# Apollo Lunar Rover Slot Car



## bert model maker (Feb 19, 2002)

Here is a new slot car to add to your collection, It is a highly detailed apollo lunar roving vehicle. It is sure something different ! http://www.thespacestore.com/apluroslcar.html
Bert


----------



## JordanZ870 (Nov 25, 2004)

That's really cool! thanks for sharing! (makes me wish I ran the bigger stuff, eh!)


----------



## Bill Hall (Jan 6, 2007)

What! No solid fuel rocket. 

Thanks for sharing this unique slot.


----------



## Scafremon (Dec 11, 2006)

That is pretty cool. I went to order one, but the shipping costs were unreal!

---
Shipping: $1.6M

Lunar Rover will be drop-shipped from an orbiting space shuttle - please provide accurate GPS coordinates.

---


----------



## WesJY (Mar 4, 2004)

I guess they will need to make a mar rover to compete with apollo lunar rover??? 

okok dumb joke.. 

Wes


----------



## bert model maker (Feb 19, 2002)

your welcome, i just saw it last week and wanted to share.


----------



## Mark Hosaflook (Jan 5, 2001)

Not too far back in Toy Cars magazine I think, there was an article on a new set coming out that featured the enterprise Vs. a Klingon Bird of Prey in slot form. Also had a set of jets as well.

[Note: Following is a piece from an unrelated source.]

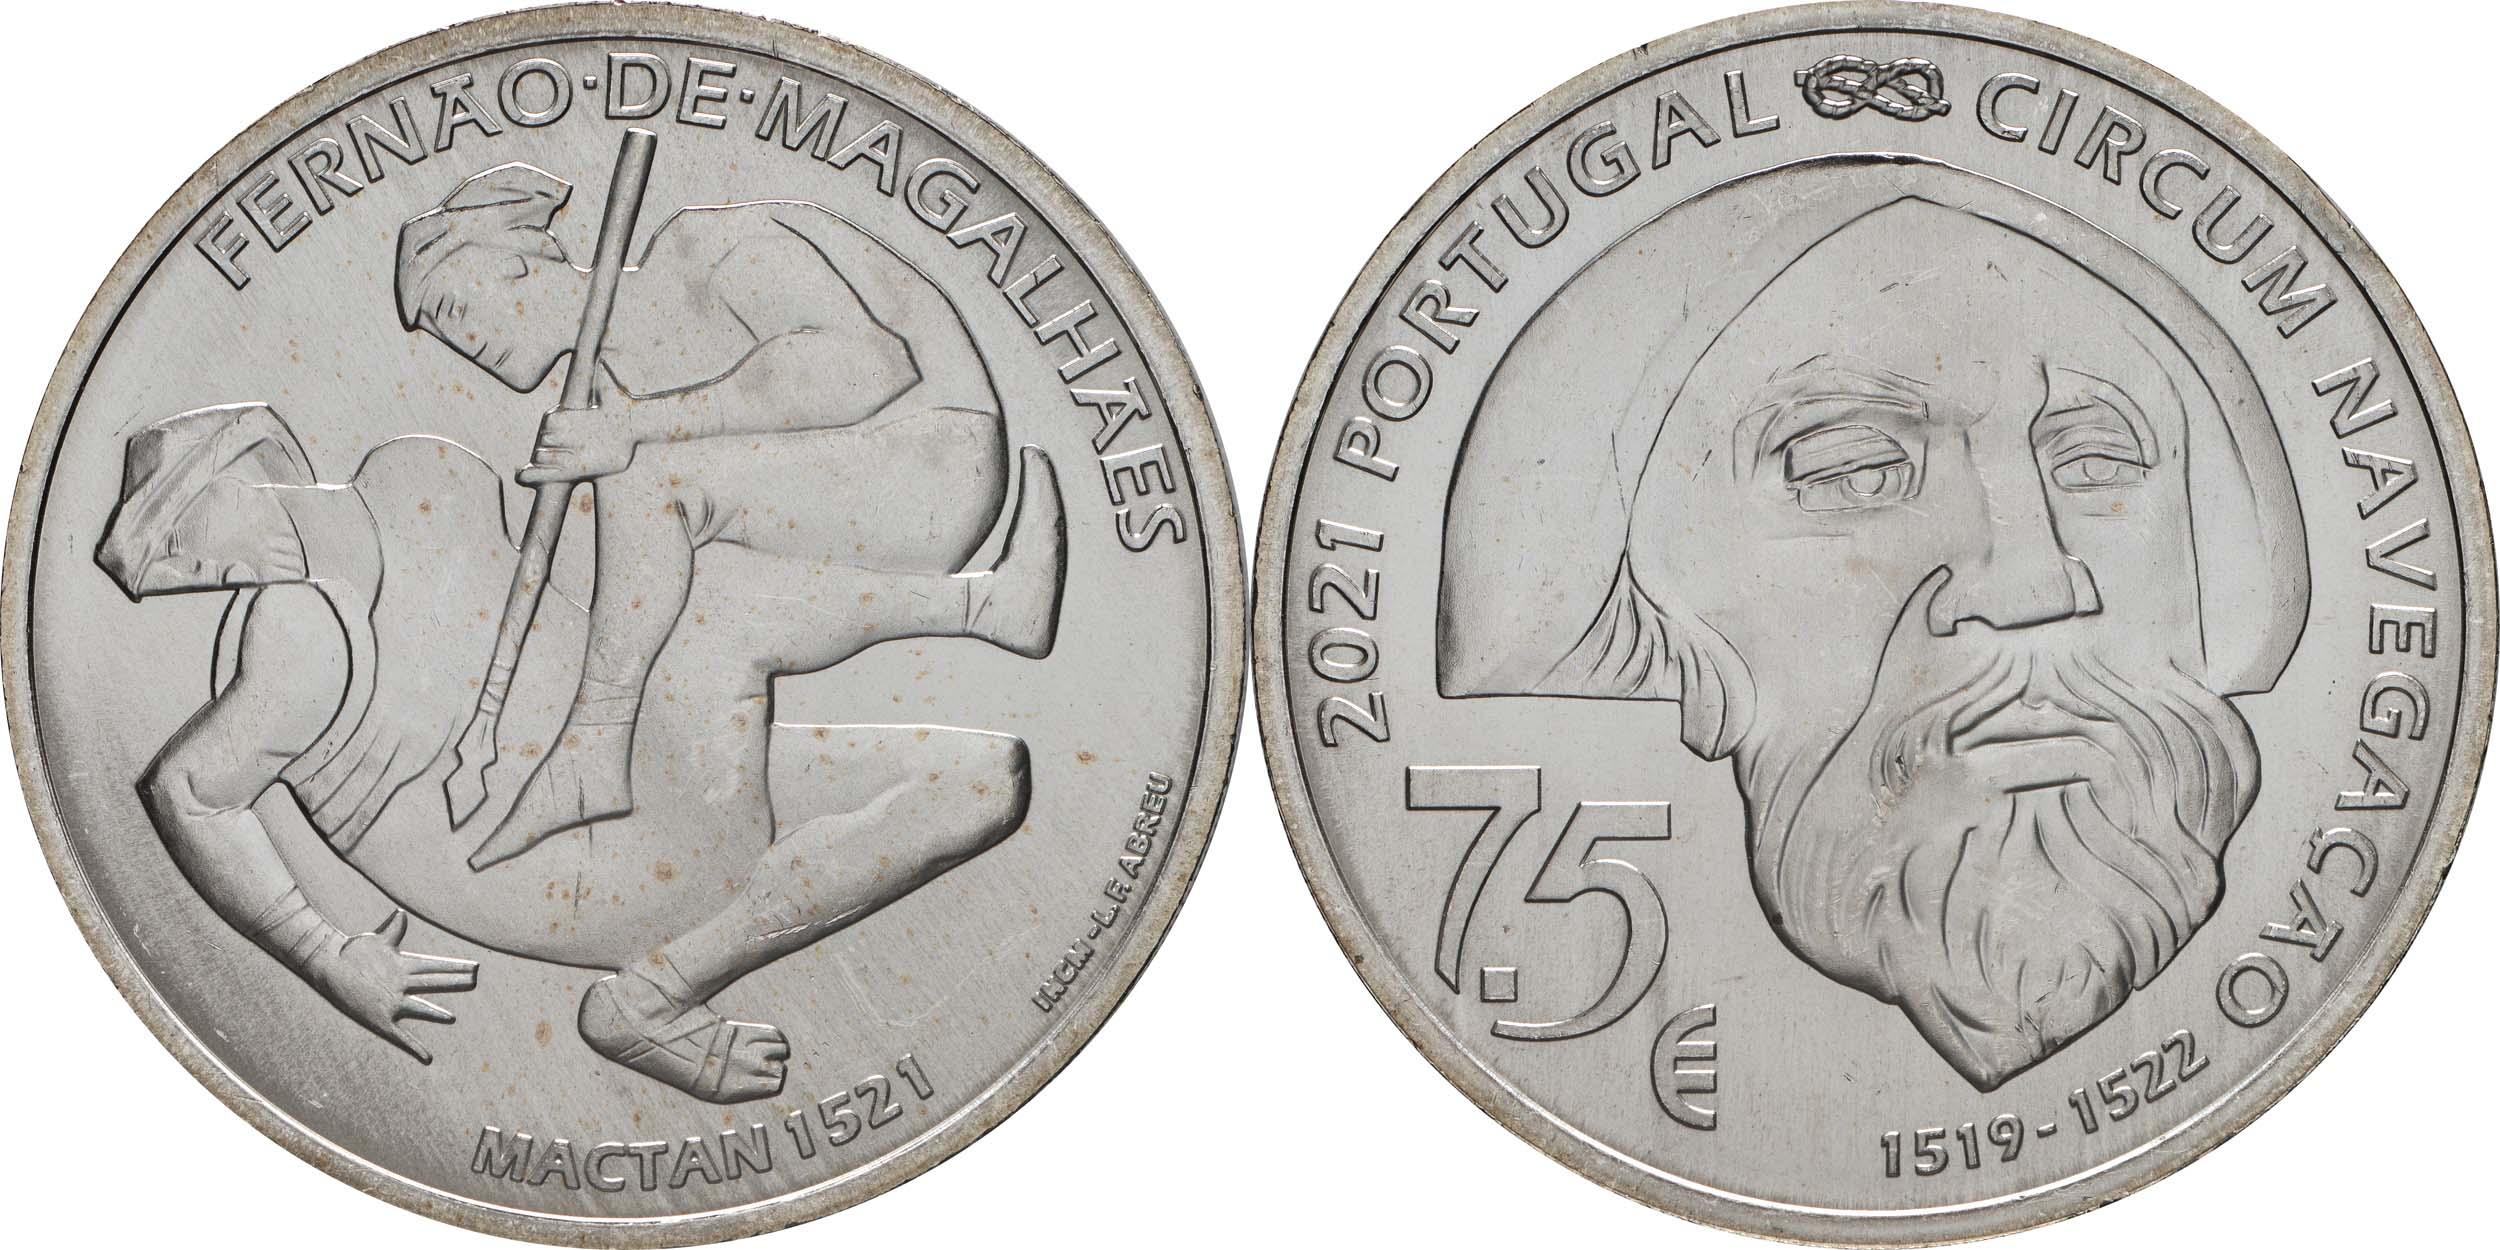 Lieferumfang:Portugal : 7,5 Euro 1521 Mactan  2021 bfr

Not ssure I ever saw those released but the idea was kind of cool!


----------



## roadrner (Jul 21, 1999)

What no sponsors and numbers on that thing? Didn't the folks from TANG know about this? :devil: rr


----------



## bumpercar88 (Feb 6, 2005)

Alot of drag in the wind tunnel!


----------



## noddaz (Aug 6, 1999)

*But the big question...*

Who is going to get two of them and race them? :lol: 

Scott


----------